Я должен решиться. Все мы должны решиться. Инакость не несет в себе угрозы и уж тем более не обедняет, инакость обогащает. Вот. Все так просто и так прекрасно. Различие и расстояние между моим сознанием и сознанием другого необходимы, чтобы мы могли обмениваться, обогащая друг друга. Нельзя обменивать подобное на подобное. Только на другое.
Мне плевать, знаю ли я вас. Мне плевать, знаете ли вы меня.
Давайте признаем друг друга.
Глава 84
«Шантеклер» — один из многих охотничьих домиков в нескольких километрах от столицы, которые еще принадлежат государству.
Таксист высадил меня прямо у высоких черных ворот. Охотничий домик затерялся в лесу Фонтенбло, вдали от мира, от городов, от людей. По пути нам не встретилась ни одна машина, и меня поразила свинцовая тишина, царившая вокруг.

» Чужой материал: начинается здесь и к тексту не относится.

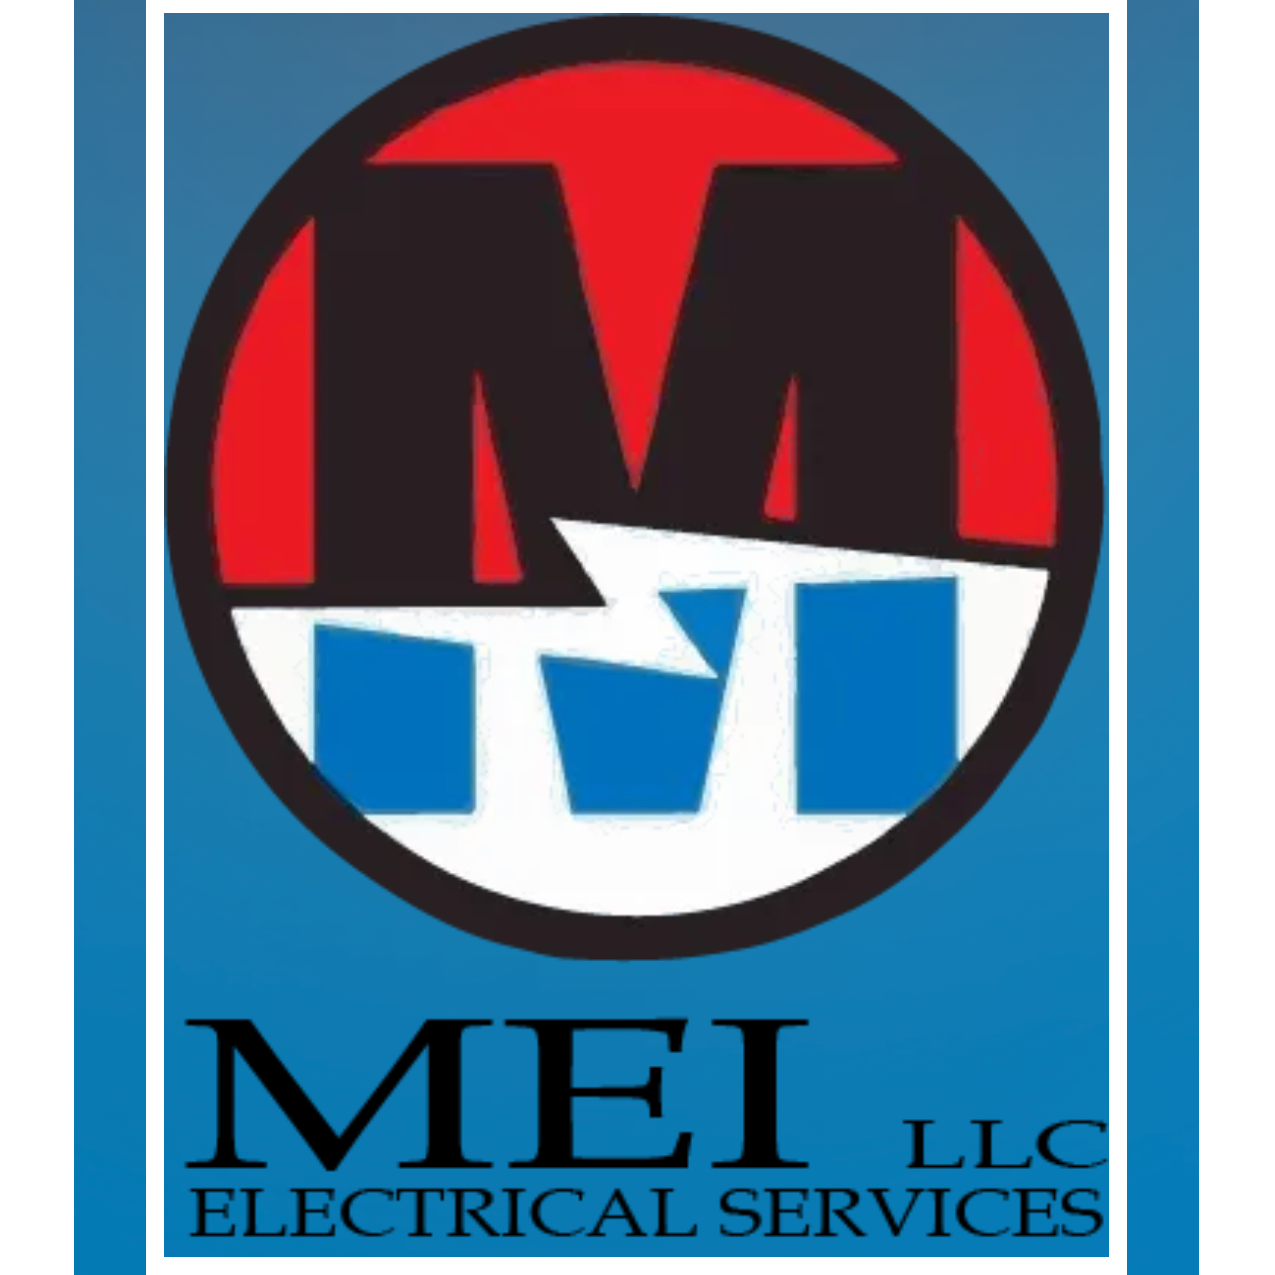 MEI Electrical Services
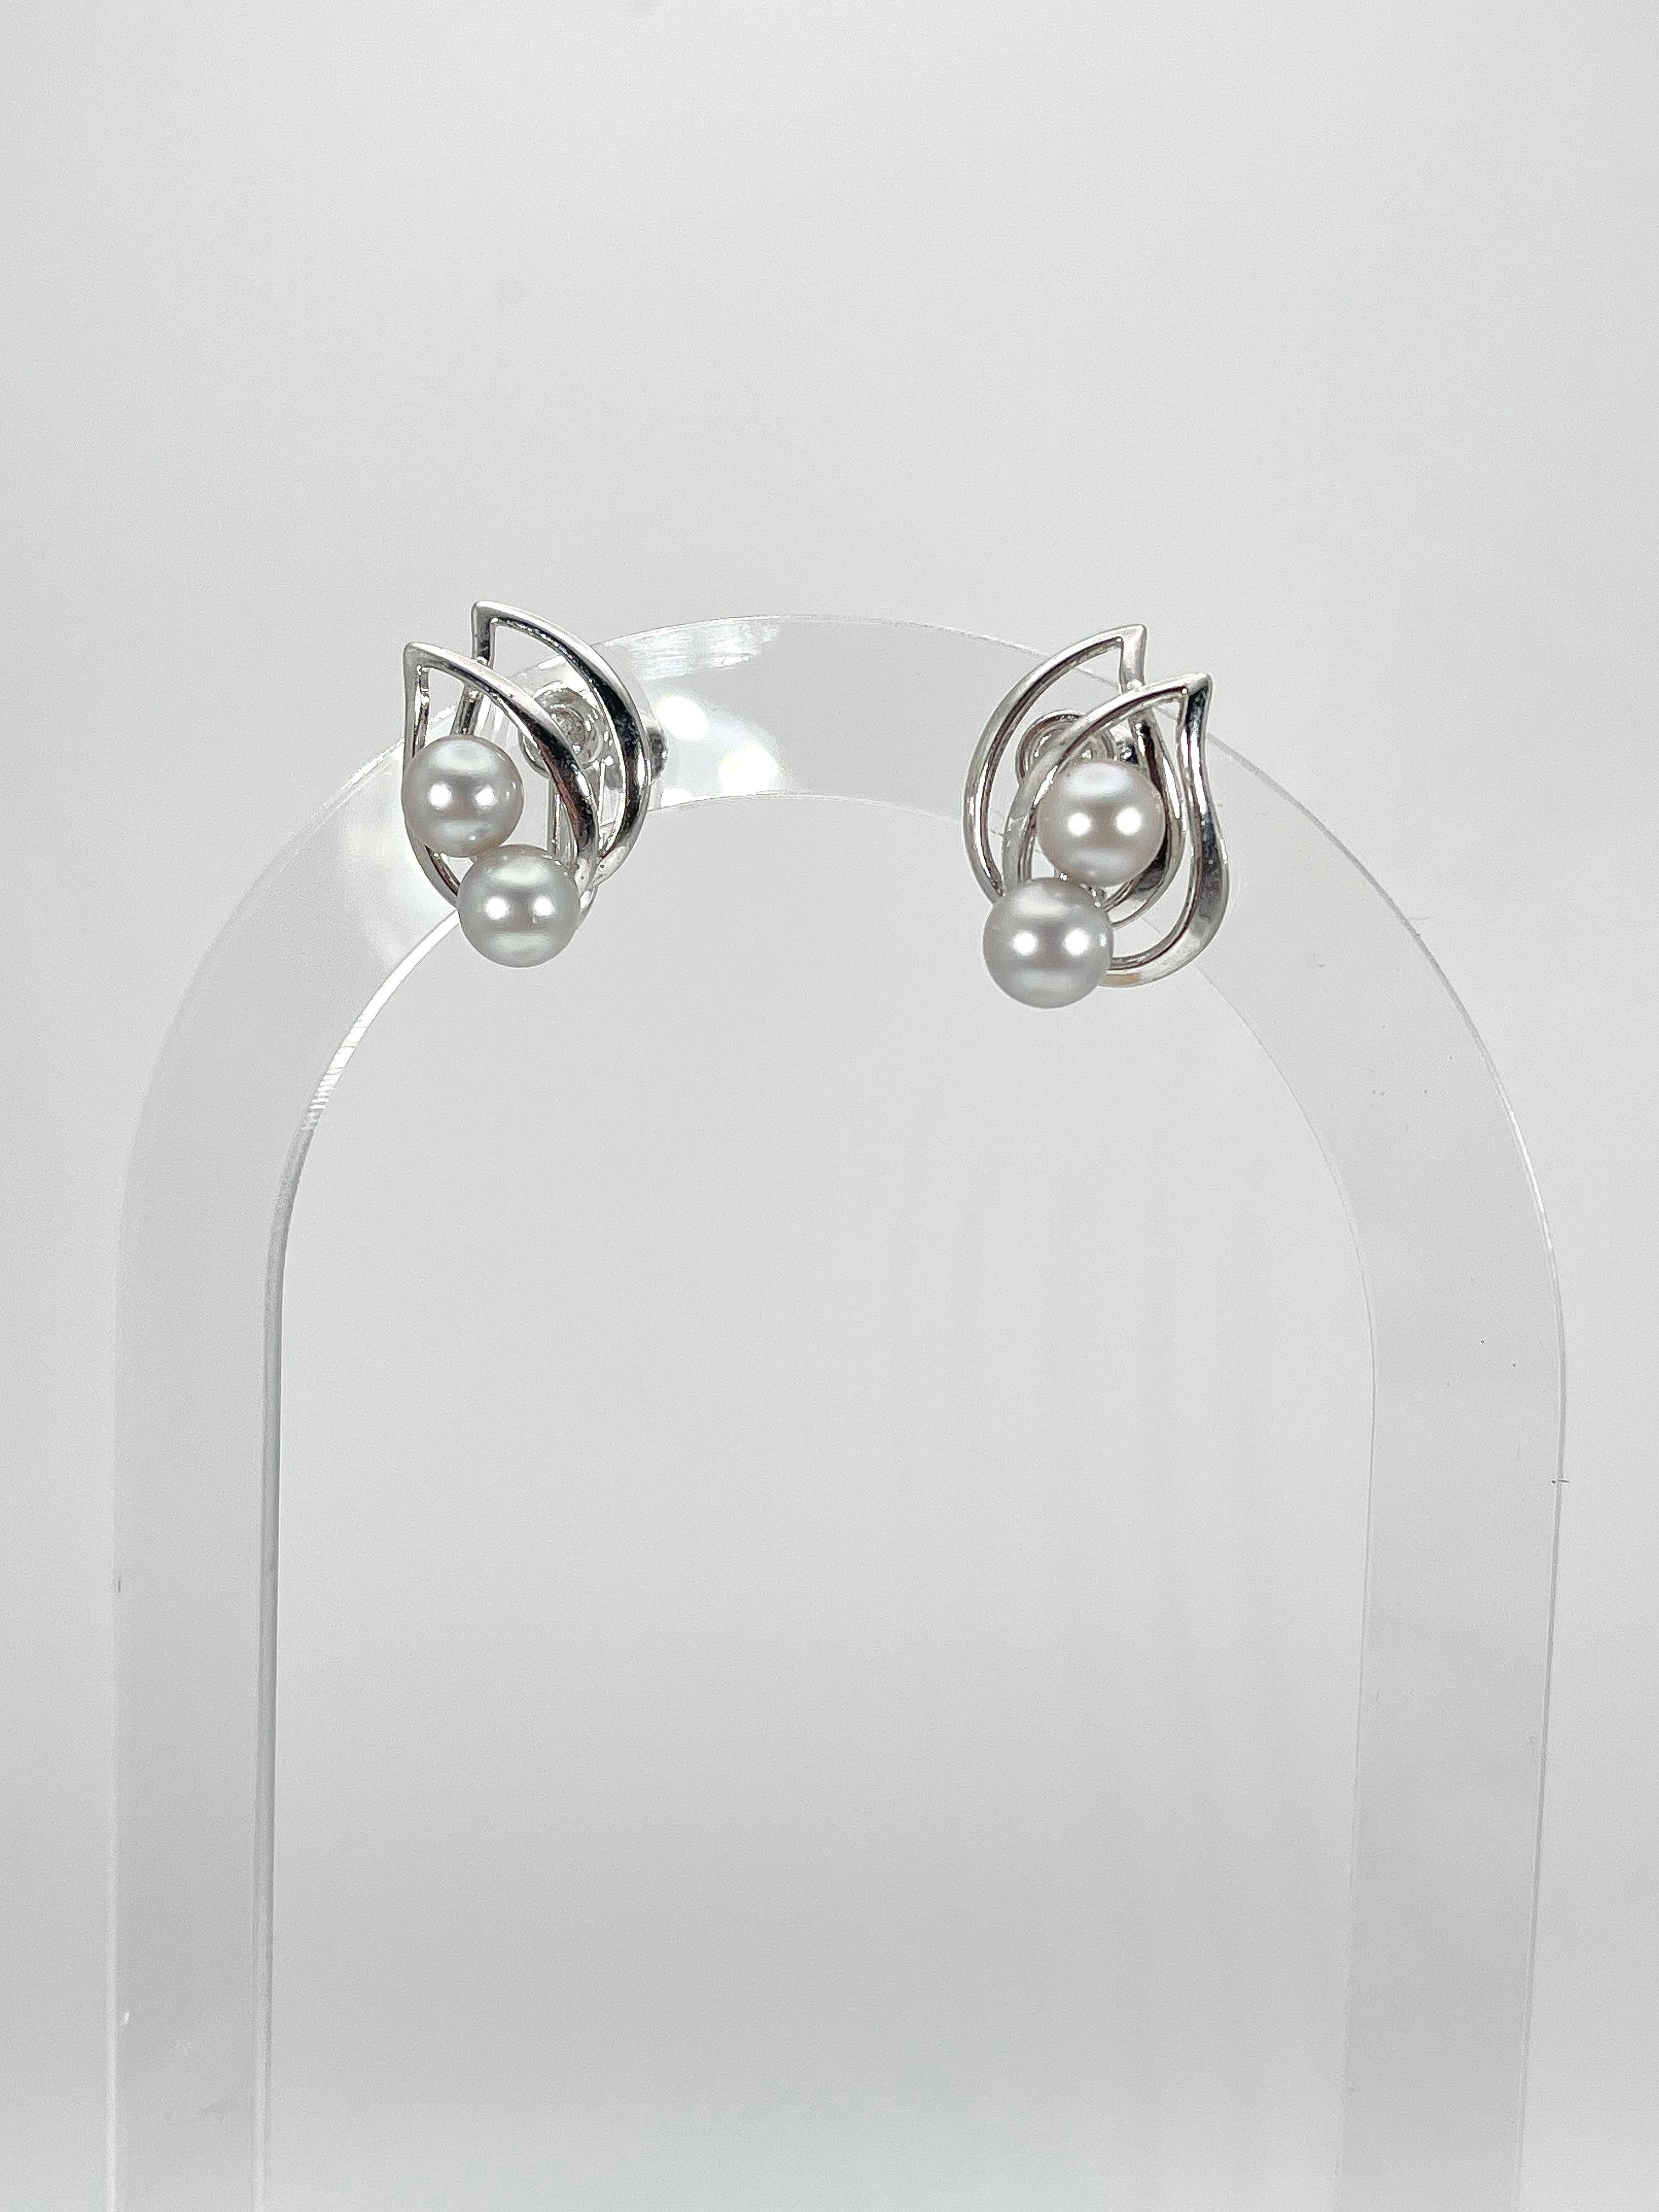 14k white gold double grey pearl and leaf design earrings. These earrings have a screw back for non pierced ears, the measurements of the earring are 14.2 x 18.2 mm, and the total weight of them is 5.13 grams.

Я подошел вплотную к воротам. На одной из каменных опор я заметил домофон без надписи, над ним поблескивал объектив миниатюрной видеокамеры. Я вздрогнул. Невольно вспомнилась камера, обнаруженная в родительской квартире. Крошечный глазок, который незаметно подсматривал за мной. Отогнав неприятное воспоминание, я позвонил. Молчание. Затем вместо ответа послышалось легкое потрескивание. Похоже, говорить со мной никто не собирался, и я просто назвал свое имя:
— Виго Равель.
Тут же раздался щелчок, потом створки плавно разошлись. Я заколебался, смущенный торжественным драматизмом, которым была обставлена эта таинственная встреча. Но отступать уже поздно.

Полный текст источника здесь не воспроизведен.